Stories like the miraculous (though disappearing) gold tablets that Joseph Smith was supposed to have used to write the Book of Mormon abound with regard to the sacred writings of various religions. They tend to push people into an all-or-nothing approach to the writings as well as to the lives and ministries of the people concerned. Was the story about the gold tablets an elaborate hoax to generate an air of infallibility about the book? Or could it have been something that really happened, maybe even something that God felt was necessary in order to get Joseph to do what he wanted him to do?

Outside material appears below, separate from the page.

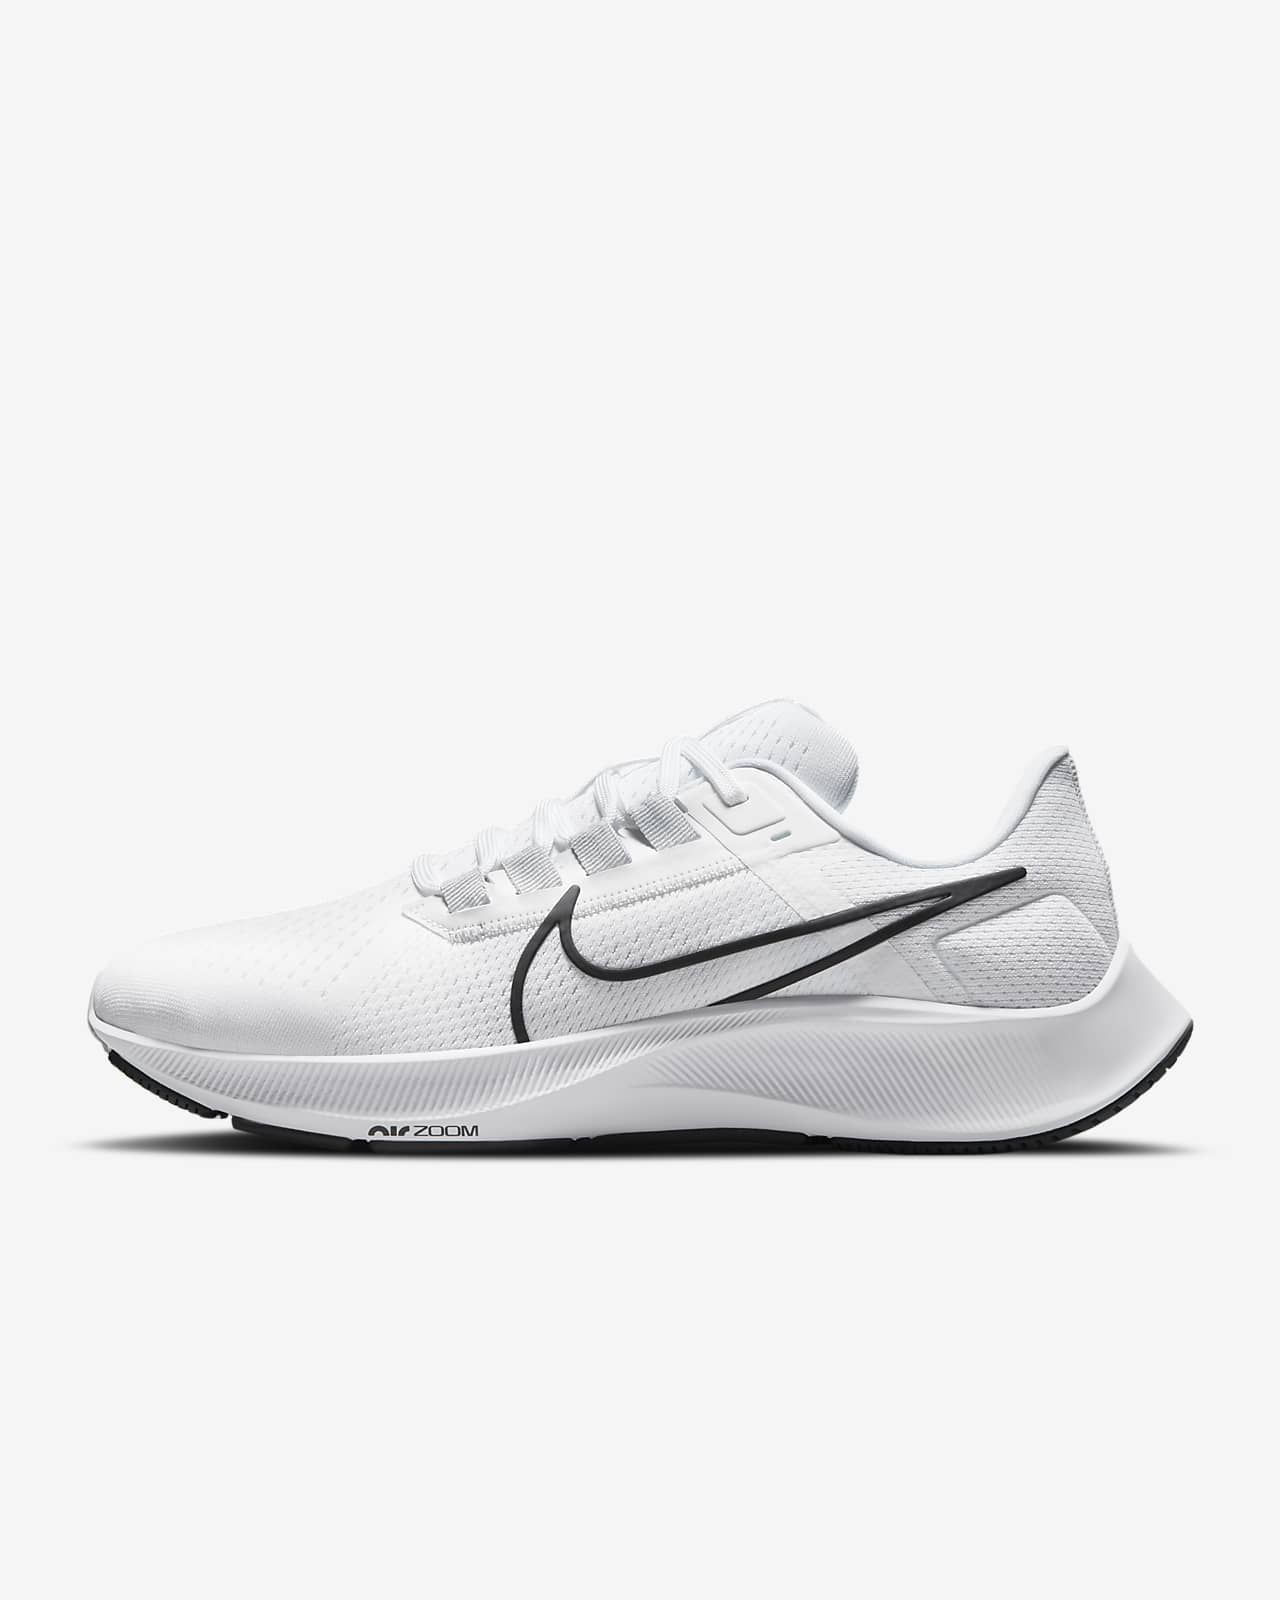 Nike Air Zoom Pegasus 38Men's Road Running Shoes$120 | Nike (US)

The Catholic Church has protected itself (at least slightly) by refusing to declare anyone a "saint" (which really just means a Christian believer) while that person is still alive. In other words, there are no "living legends" in the Catholic Church. People are allowed to take or leave any living Catholic, including (within limits) the pope himself. (Infallibility is something only a few popes have claimed, and only on rare occasions.) But this whole business of waiting until after a person is dead for some years before deciding whether they are a true believer seems to be a practice which has only been made necessary by giving credence to the infallibility thing. Why can't people be saints, prophets, even founders of new religions, and still be quite fallible... maybe even downright wrong or bad at times?

It should be the right (indeed, the duty) of every believer, to do a bit of picking and choosing to work out what is right and what is wrong in every religion. Sure, you can do it selfishly. And what you get will be exactly what you pay for. On the other hand, if one makes great effort to be honest and unselfish, this picking and choosing can get us closer to the real thing than the all-or-nothing approach ever will.

Jesus himself said, "You can be forgiven for rejecting me, but you can never be forgiven for rejecting the Spirit of God." I think he was saying that it is the responsibility of each of us to extract the truth (i.e. the Spirit of God) from everything that we experience, without necessarily having to embrace the messenger through whom the truth comes.